Working with time-based data:

  1. OHLC data - the basics
  2. OHLC - beyond the obvious
  3. Subsetting by date - characters and '::' notation
  4. The last 3 days of the first 2 weeks - interested yet?
  5. Minutes to hours to days to months - fast aggregation.
  6. Apply by Period - weekly, monthly or arbitrarily

Data is the core of everything. Whether your data is by the minute, or by the month, quantmod offers a variety of tools to handle many common modelling needs.

To begin the walk through quantmod and xts's collection of time series functionality, we'll begin with a look at the financial world's most ubiquitous format - OHLC data.

The OHLC Basics

The basic functions make life easier. Assuming some standard naming conventions quantmod makes available 3 primary types of column extraction functions. If you're looking for the open, the high, or the series low - it's available: Again, not rocket science, but a surprisingly useful little collection. If you use OHLC data, you will use the above. A few examples to be true to the page title: > getSymbols("GS") #Goldman OHLC from yahoo
[1] "GS"
> is.OHLC(GS) # does the data contain at least OHL and C?
> has.Vo(GS) # how about volume?
> Op(GS) # just the Open column please.
> seriesHi(GS) # where and what was the high point
Probably not overly impressed at this point - but I did preface the section with the basics. Now it's time for a little more, um, action.

Beyond OHLC Obviousness

Maybe not not obvious - just a little less so. Typically one would like to see what is happening within an observation, or across a period of observations. That may mean some sort of change in price or volume, be it over one period, or over many periods. In the same simplistic fashion as above, one can get price changes for all combinations of columns, across all possible periods. How??? Glad you asked.

Simply combine the columns extraction tools from above to arrive at the naming convention to get price changes. Want Open to Close percent change? It is as simple as OpCl.
> OpCl(GS) #daily percent change open to close
> OpOp(GS) #one period open to open change
> HiCl(GS) #the percent change from high to close
Behind the scenes are three main functions that work together to get the above accomplished.

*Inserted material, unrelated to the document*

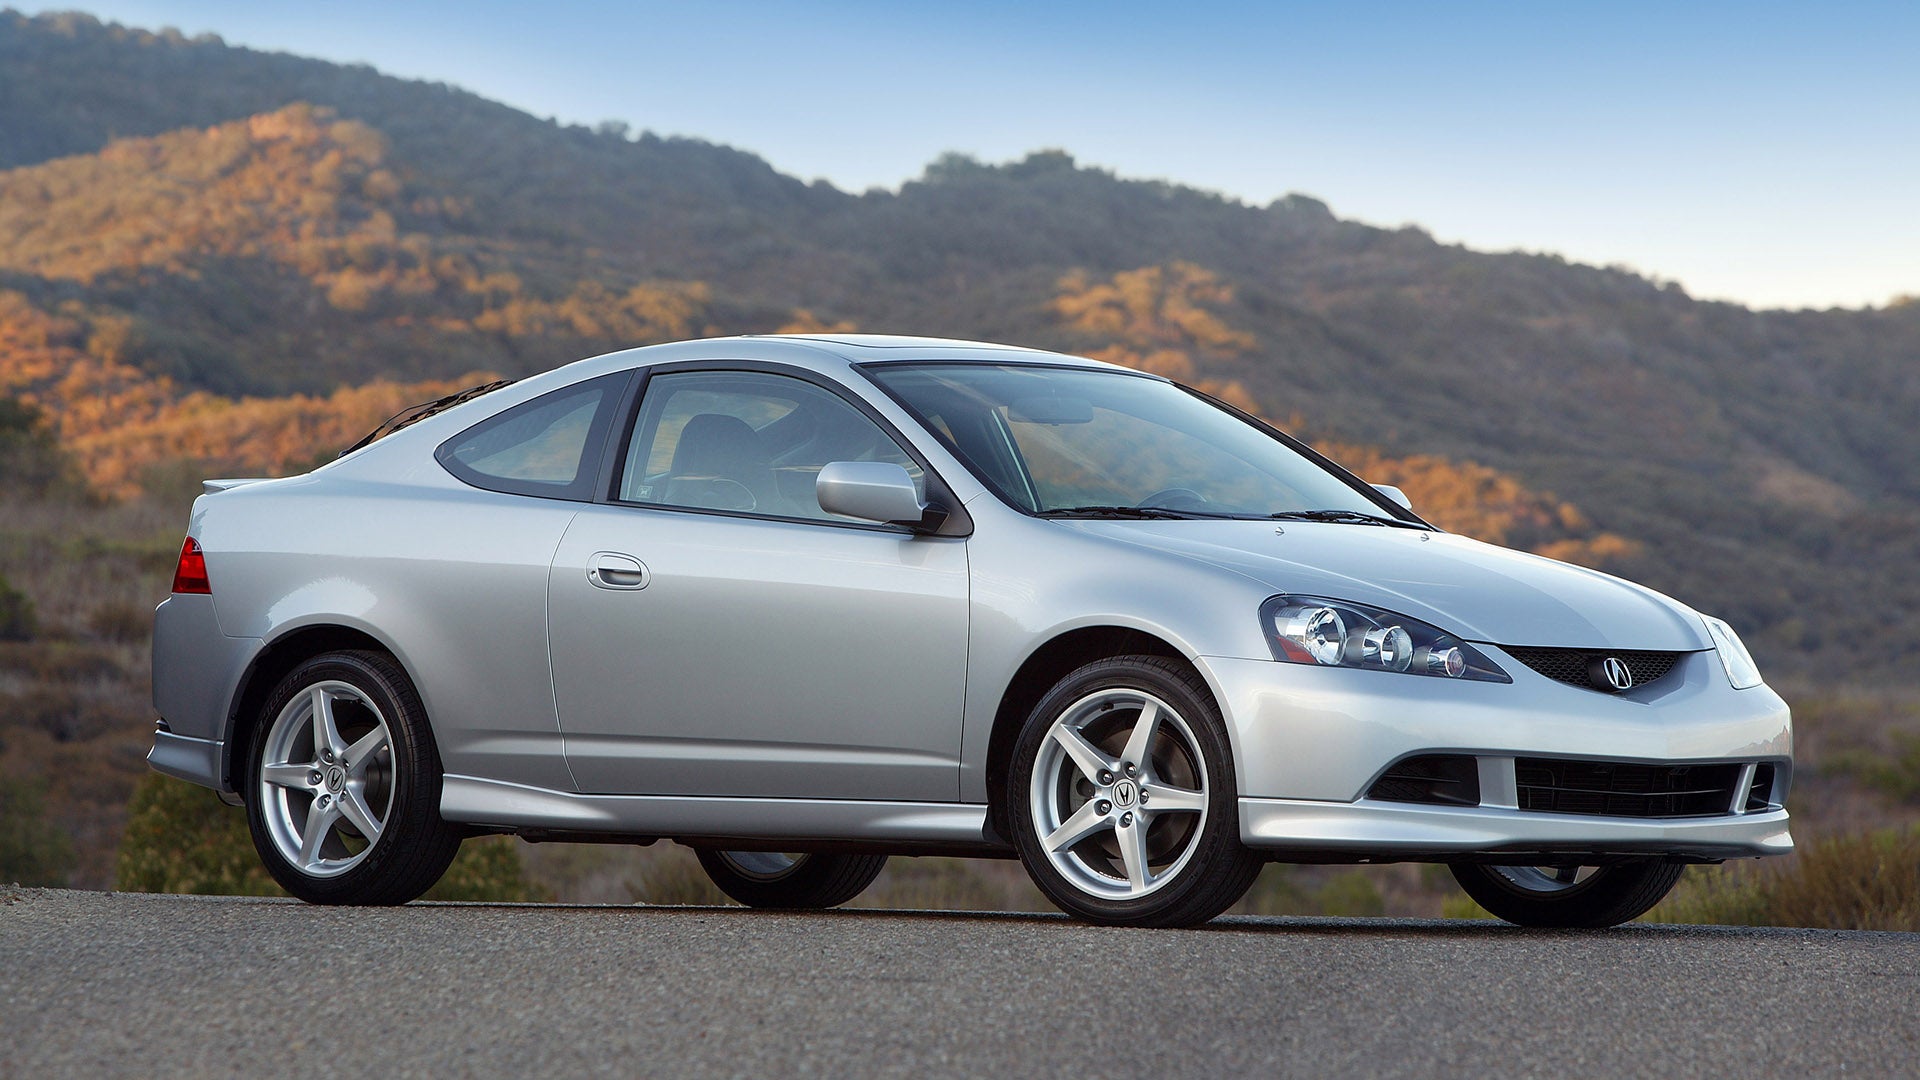 <p class="caption-title">2005-2006 Acura RSX Type S</p>, The Acura RSX Type S debuted for 2002 and received a refresh for 2005., <i>Acura</i>

> Lag(Cl(GS)) #One period lag of the close
> Lag(Cl(GS),c(1,3,5)) #One, three, and five period lags
> Next(OpCl(GS)) #The next periods open to close - today!
>
> # Open to close one-day, two-day and three-day lags
> Delt(Op(GS),Cl(GS),k=1:3)
The documentation pages contain all relevant detail with regard to use, but suffice it to say the above are exported and ready for service. There are also some features that make life even easier with the above functions - though you'll have to read the docs for the details.

Subsetting by Time and Date? -- xts Makes It Easy

One of the central motivations for creating the xts package was to offer tools that made it easy to work with time-based series. Extending the zoo class, a new method specific to xts series allows for sub-setting via the traditional R bracket mechanism, but with a twist.

While it is possible to explain the idea in words - it may be more beneficial to just take a look at an example or two. help('[.xts') provides more detail as to the specifics for those interested in learning more.


> GS['2007'] #returns all Goldman's 2007 OHLC
> GS['2008'] #now just 2008
> GS['2008-01'] #now just January of 2008
> GS['2007-06::2008-01-12'] #Jun of 07 through Jan 12 of 08
>
> GS['::'] # everything in GS
> GS['2008::'] # everything in GS, from 2008 onward
> non.contiguous <- c('2007-01','2007-02','2007-12')
> GS[non.contiguous]

The general format for the above is CCYY-MM-DD HH:MM:SS, with ranges specified via the '::' operator. The only requirement is that you specify the level of detail from left to right - that is to get January, you need to specify the year first. The coolest part to this construct is that it is now posssible to only specify the level of detail you require in the returned object; no longer is it necessary to worry about the underlying level of resolution to your data. Monthly data, or minute data, can both be resolved with the same construction.

The Last 3 Days of The First 2 Weeks

Another common problem when trying to subset time series data often involves looking at a particular time period. Often the last n-periods may be desired when charting the price of a security, or when constructing a model for trading or analysis. [Note: these functions are now in the standalone package xts - which quantmod requires]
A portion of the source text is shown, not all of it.